AI that produces sound through analysis of a source video is impressive. Fooling humans is not. Since most of us have grown up on a steady diet of film and television many of the sounds we have in our memories are the work of foley artists that add sound effects to sequences in post. The sound of horse hoofs on cobblestones is likely created from a percussive technique that has no equine participation. The sounds of people being punched may be the sound of a large piece of meat being struck with a club. Similarly crunching snow likely is not the sound of a person walking through actual snow.
Our perceptions of sound within a video/film source is already deeply skewed and therefore the notion that this AI is a Turing test of sorts is a weak analogy.
You're right, but as someone who's done a lot of sound editing/foley work I can't help having mixed feelings at seeing yet another job skill automated away. Good part - in a few years this will be good enough for commercial use which will save sound editors all sorts of tedious dull work and free them up to do more exciting creative stuff. Bad part: the tedious dull work was also what paid the bills. The easier it is to do that stuff automatically, the less people are willing to pay for good quality work.

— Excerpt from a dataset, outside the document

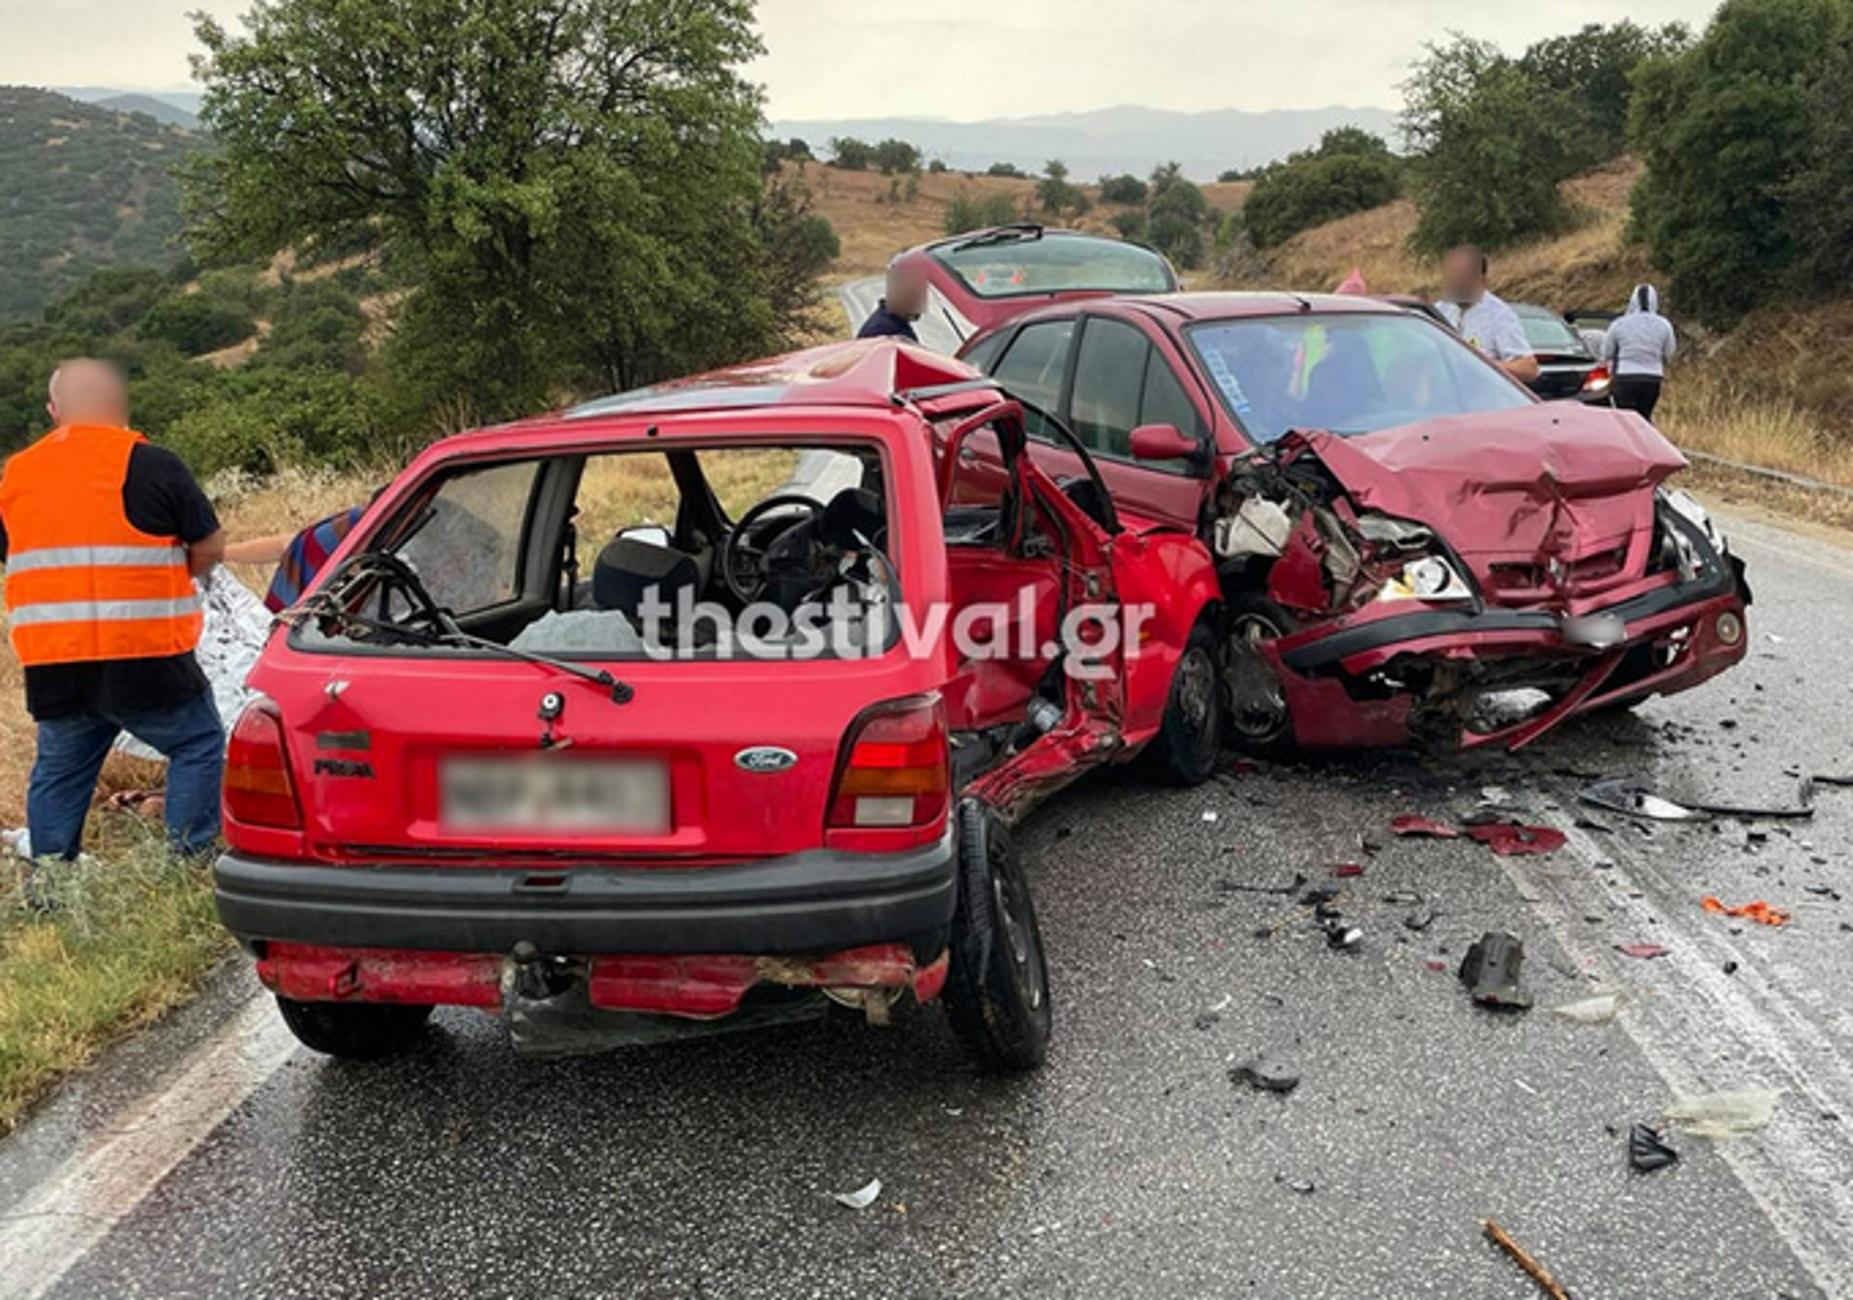 Θεσσαλονίκη: Σοβαρό τροχαίο με 4 τραυματίες – Μάχη με το χρόνο για γυναίκα που εγκλωβίστηκε

Rather than now being able to make a living do the sort of fun really creative stuff like inventing new sounds for teleportation devices or dramatic natural phenomena, editors are more likely to be asked to work for free on the theory that they'll gain great exposure for their creativity. That's generally a very bad bargain. If past trends in the electronic dance music market are anything to go by, increasing automation will not reward true creative talent but rather just lead to an arms race to have the latest sound libraries, synthesizers etc. and just be the first to market with big splashy new sounds that offer superficial novelty.
Ability to provide high-value equipment below normal rental cost frequently trumps considerations of talent in the film industry. Similarly there are plenty of crappy directors of photography out there who get hired regularly because they own a pile of nice lenses and related camera equipment, and hiring them plus their camera package looks economically attractive on paper because it's hard to quantify photographic talent.
I have so much respect for foley artists. Artist being the operative word. People don't appreciate the hard work and creativity that goes into making the perfect sound.
As someone who's worked in the film industry (visual fx & CG) I'm subject to the same problem, but all tedious jobs from the industrial revolution on have been automated away one by one. I can understand the lament for something you worked hard on, and this isn't to take that away from you, but most job skills do actually have less value in the market over time, right? The other way to look at it is that what counts as good quality work changes and improves continually over time, higher and higher quality becomes available for the same price. Jobs are continually being reinvented, and people always get to work on the interesting parts that can't be automated. Something that took many people to do one decade only takes one person the next decade. This has been true for hundreds of years from farmers to accountants to cooks to car makers ... This "problem" is here to stay, our economy hasn't crashed yet, and there are as many creative people as ever.
the tedious dull work was also what paid the bills. The easier it is to do that stuff automatically, the less people are willing to pay for good quality work.
"Vegetable Violence is an organic sound effects library for creating your own orchestrated sonic mayhem. Vegetable rips, tears, squelches, hits, punches, stabs all recorded & mastered at 96kHz for stomach churning realism, this component library of gore sound effects is available for immediate download."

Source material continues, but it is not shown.